FayKong / PPSN2020

Improving Imbalanced Classification by Anomaly Detection
GNU General Public License v3.0
2 stars 1 forks source link

Improving Imbalanced Classification by Anomaly Detection

This repository contains the code for introducing two additional attributes to imbalanced datasets and thus improving the imbalanced classification.

DOI

Introduction

The provided .py file is for the convenience of reproducing the main results of our paper Improving Imbalanced Classification by Anomaly Detection (Kong, Kowalczyk, Menzel & Bäck, 2020). The code is implemented in Python 3.0 and the packages required for implementation are given in the next section.

The data used in this paper contains two parts, 2D chess data and imbalanced benchmark datasets. The codes to experiment with the 2D chess dataset are given in folder 2D chess. chess_data_generate.py in this folder is for generating the 2D chess data used in the paper. The codes to experiment with benchmark datasets are given in folder Imbalanced Benchmark and the benchmark datasets are given in folder data. *_four_types.py files in folder 2D chess and Imbalanced Benchmark provide the code to identify the four types of samples, and *_LOF.py files provide the code to calculate the LOF score for the given datasets. *_added_*.py files provide the code to introduce the two additional attributes and *_added_resampling_*.py files provide the code to resample the datasets with two additional attributes. The experimental results are given in folder results. In the following, we will decribe the detailed technical requiremnets and how to run our code step by step.

Requirements

Scikit-Learn and Numpy software packages are used to obtain the two proposed additional attributes (LOF score and four types of samples). Scikit-Learn software package is also used for performing stratified cross-validation and classification. Imbalanced Learn software package provides the resampling techniques to resample the imbalanced datasets. Matplotlib is used to visualize the 2d chess dataset in different scenarios. The four required libraries can be installed by running pip install -r requirements.txt from the main directory via the command line.

Packages Description
Imbalanced Learn For implementing resampling techniques, e.g. SMOTE, ADASYN etc.
Scikit-Learn For calculating LOF score, performing stratified CV and classification.
Numpy For efficiently dealing with data.
Matplotlib For plotting.

The introductions on how to run our code step by step will be given in the following sections.

1. Calculating the Two Proposed Additional Attributes

The first step in our experimental setup is to calculate the two additional attributes for every dataset. Running the *_four_types.py file in both '2D chess' and 'Imbalanced Benchmark' folders can achieve the first introduced additional attribute 'four types of samples', while running *_LOF.py in both folders can achieve the second additional attribute 'LOF score'.

2. Considering Different Combinations

After introducing the two additional attributes, we consider different scenarios of resampling techniques and whether to add additional attributes. This can be achieved by running *_DT/SVM.py, *_added_*.py, *_added_resampling_*.py files in both '2D chess' and 'Imbalanced Benchmark' folders. The experimental results are shown in folder results.

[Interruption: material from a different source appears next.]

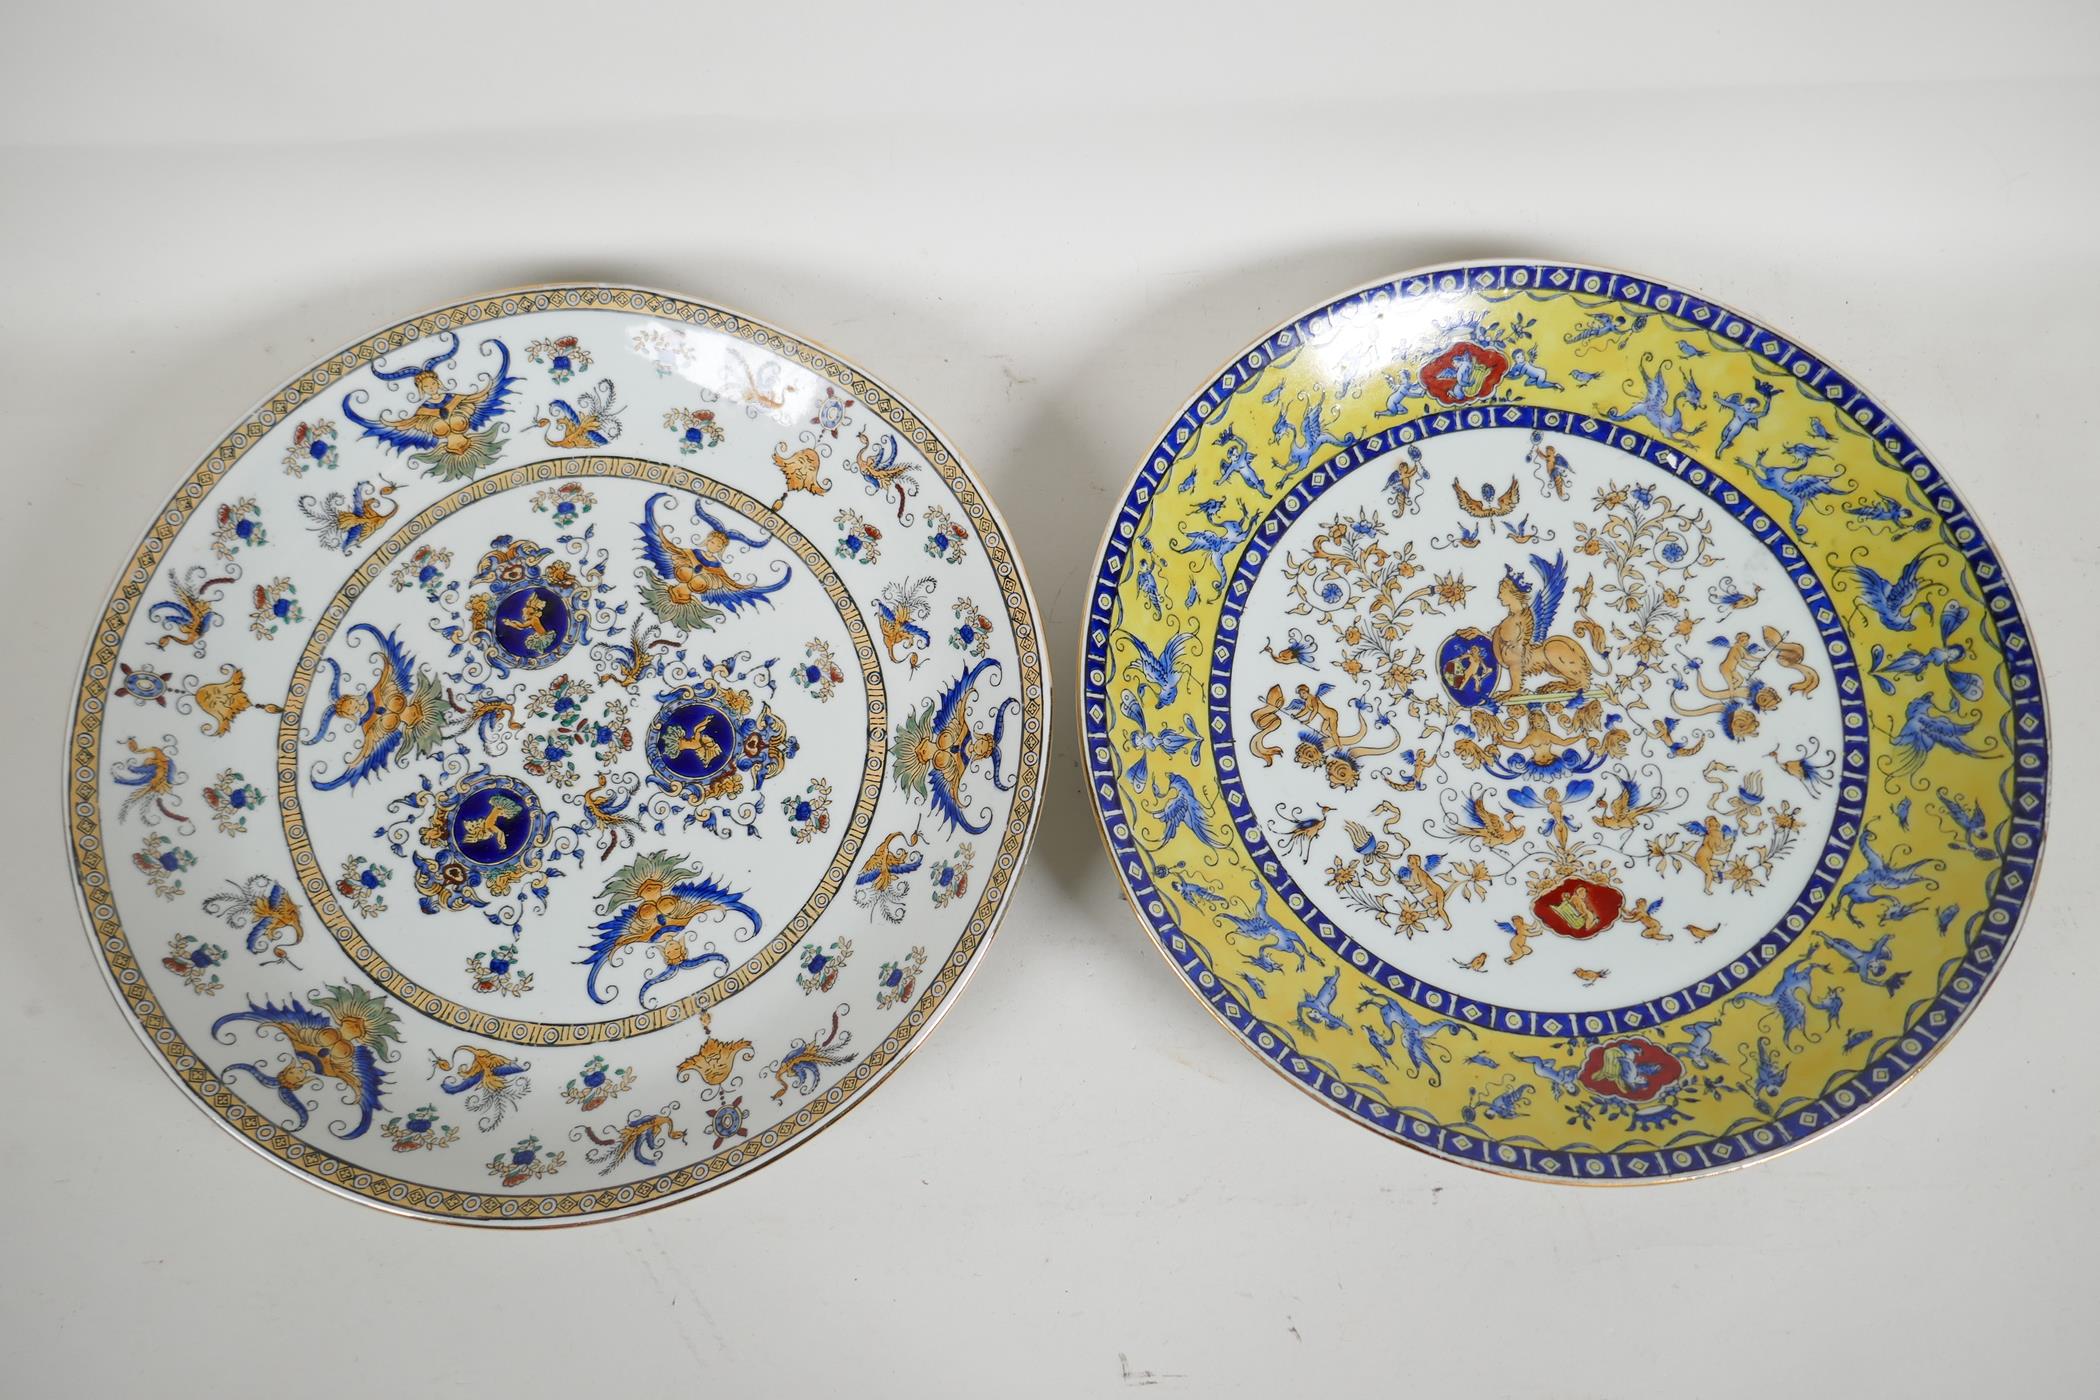 Two Chinese porcelain plates with armorial decoration, 10½" diameter
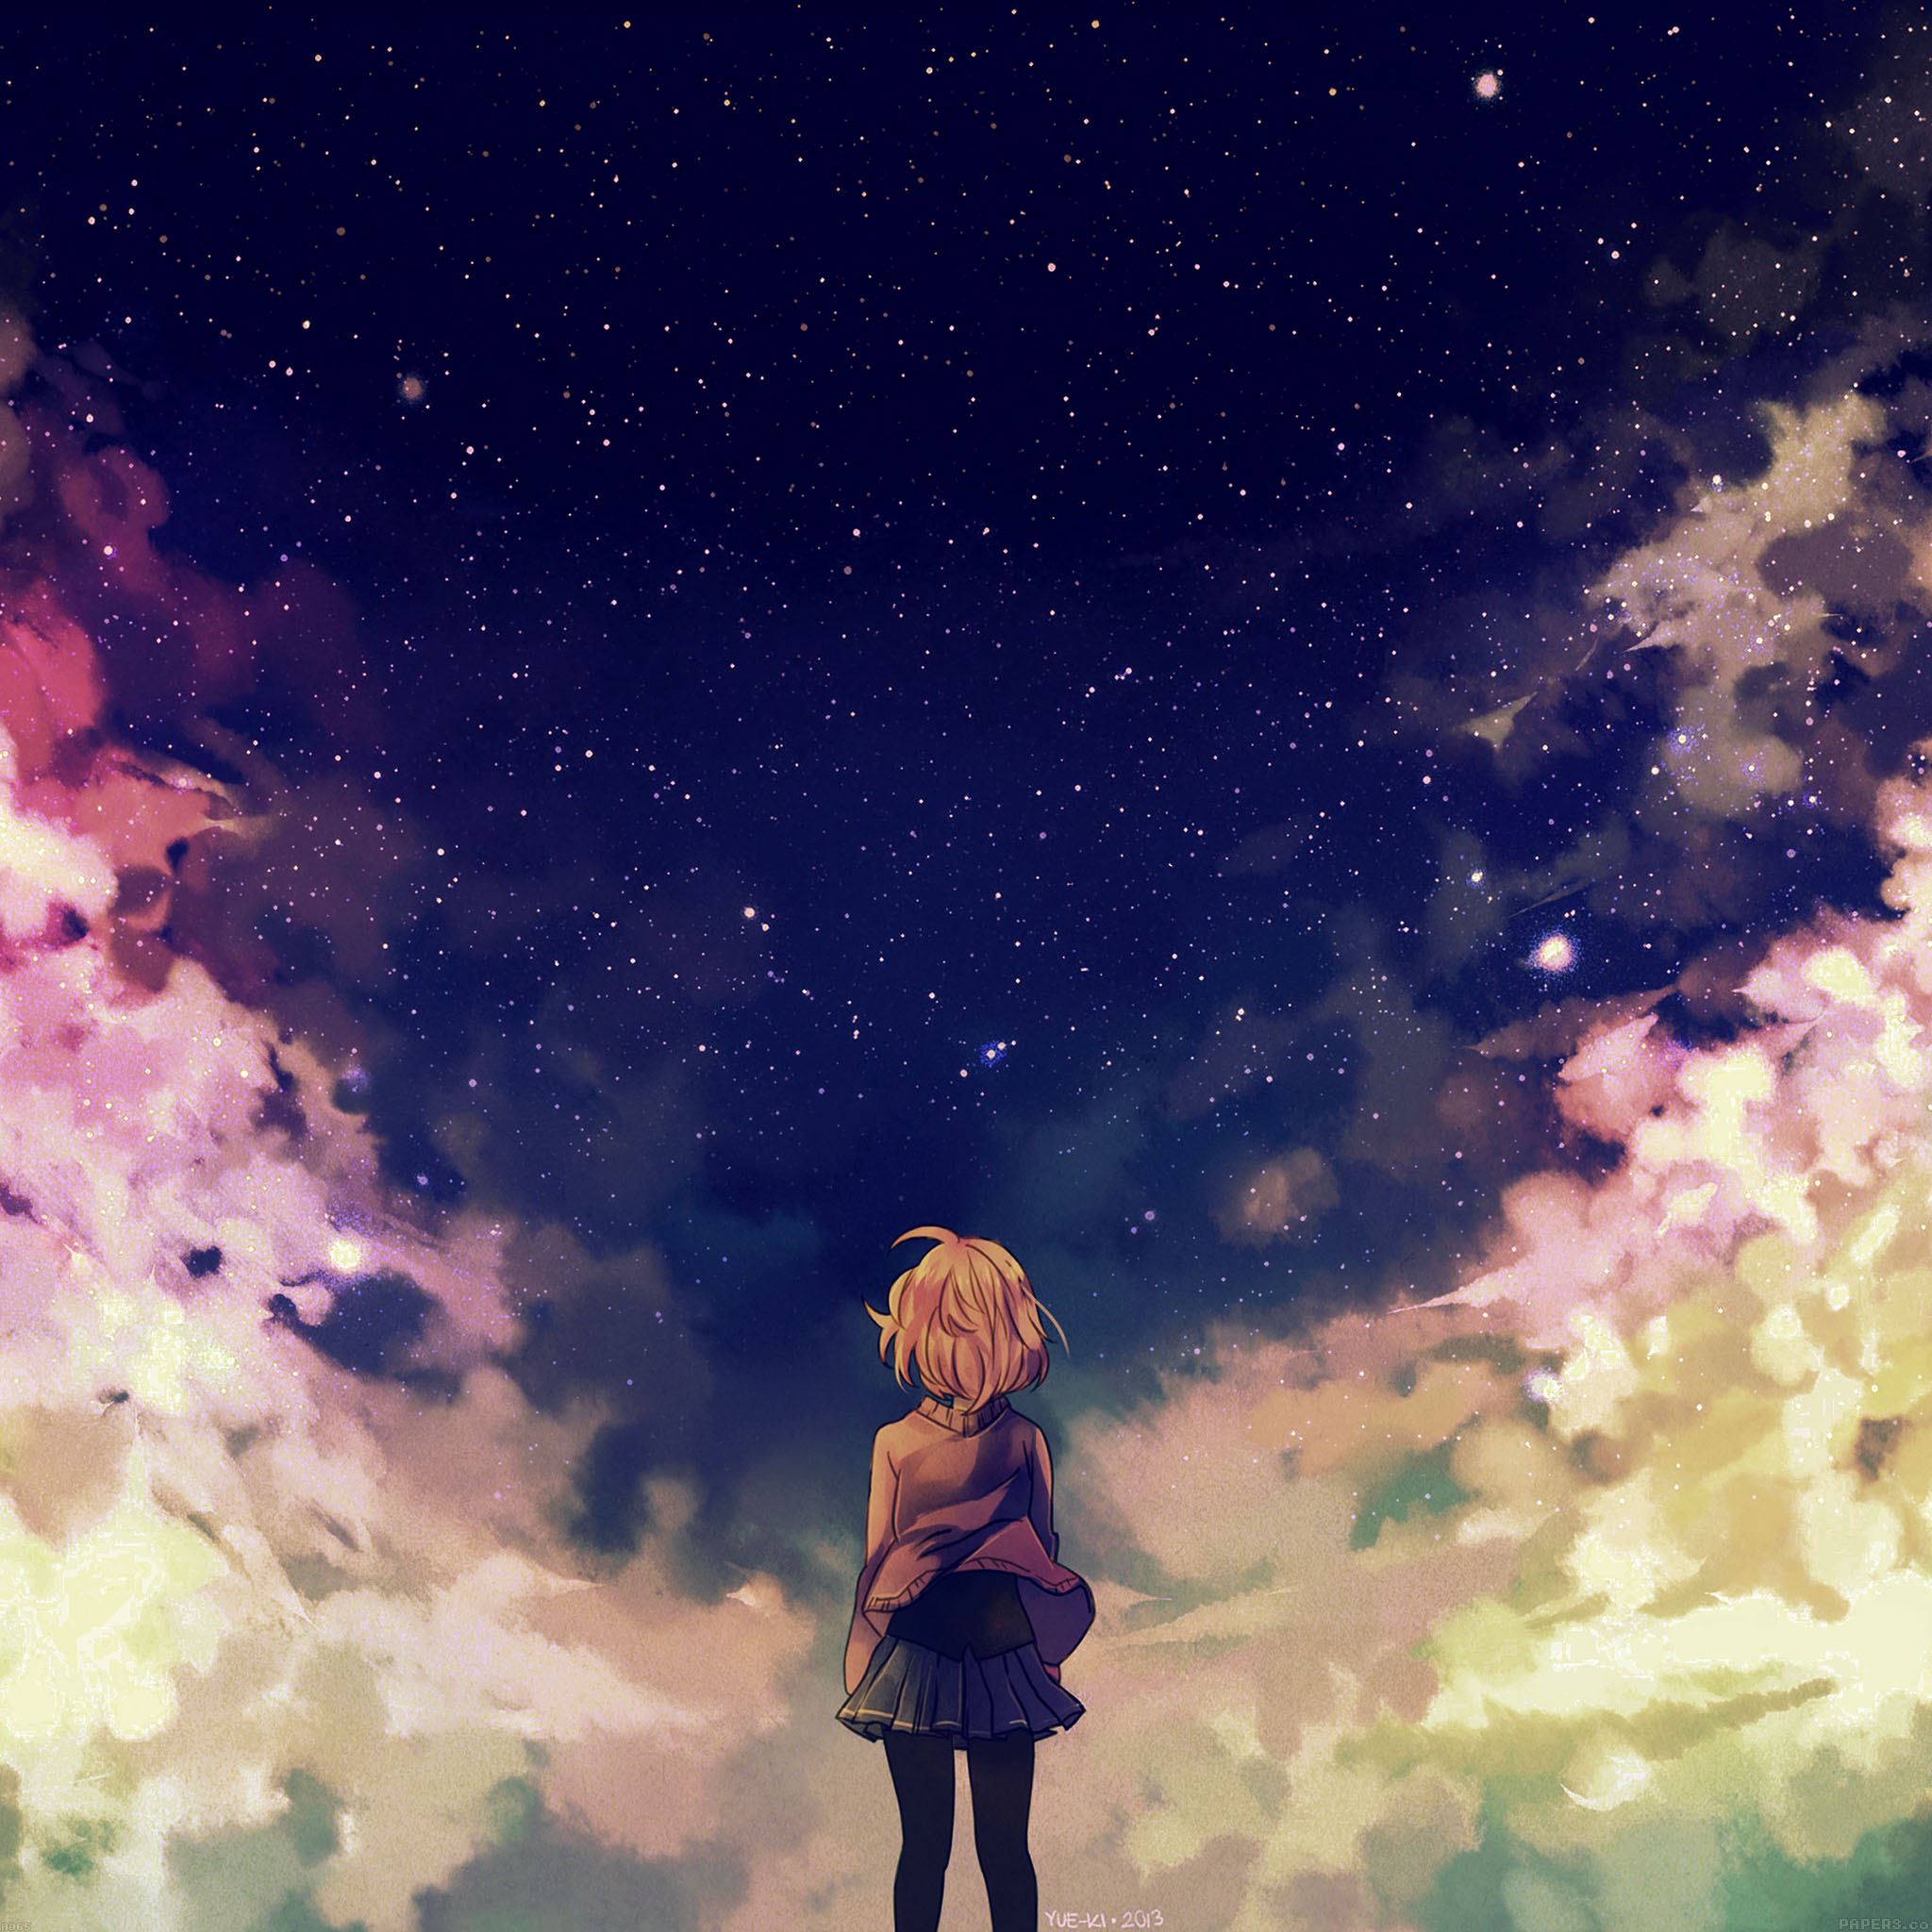 Starry space illust anime girl iPad Air Wallpapers Free Download

3. Visualization on 2D Chess Dataset

The chess_LOF_plot.py file is used to achieve the figure in our paper.

How to Cite

paper Reference

Kong, J., Kowalczyk, W., Menzel, S. and Bäck, T., 2020, September. Improving imbalanced classification by anomaly detection. In International Conference on Parallel Problem Solving from Nature (pp. 512-523). Springer, Cham.

BibTex Reference

@inproceedings{kong2020improving,
  title={Improving imbalanced classification by anomaly detection},
  author={Kong, Jiawen and Kowalczyk, Wojtek and Menzel, Stefan and B{\"a}ck, Thomas},
  booktitle={International Conference on Parallel Problem Solving from Nature},
  pages={512--523},
  year={2020},
  organization={Springer}
}

Acknowledgements

This research has received funding from the European Union’s Horizon 2020 research and innovation programme under grant agreement number 766186 (ECOLE).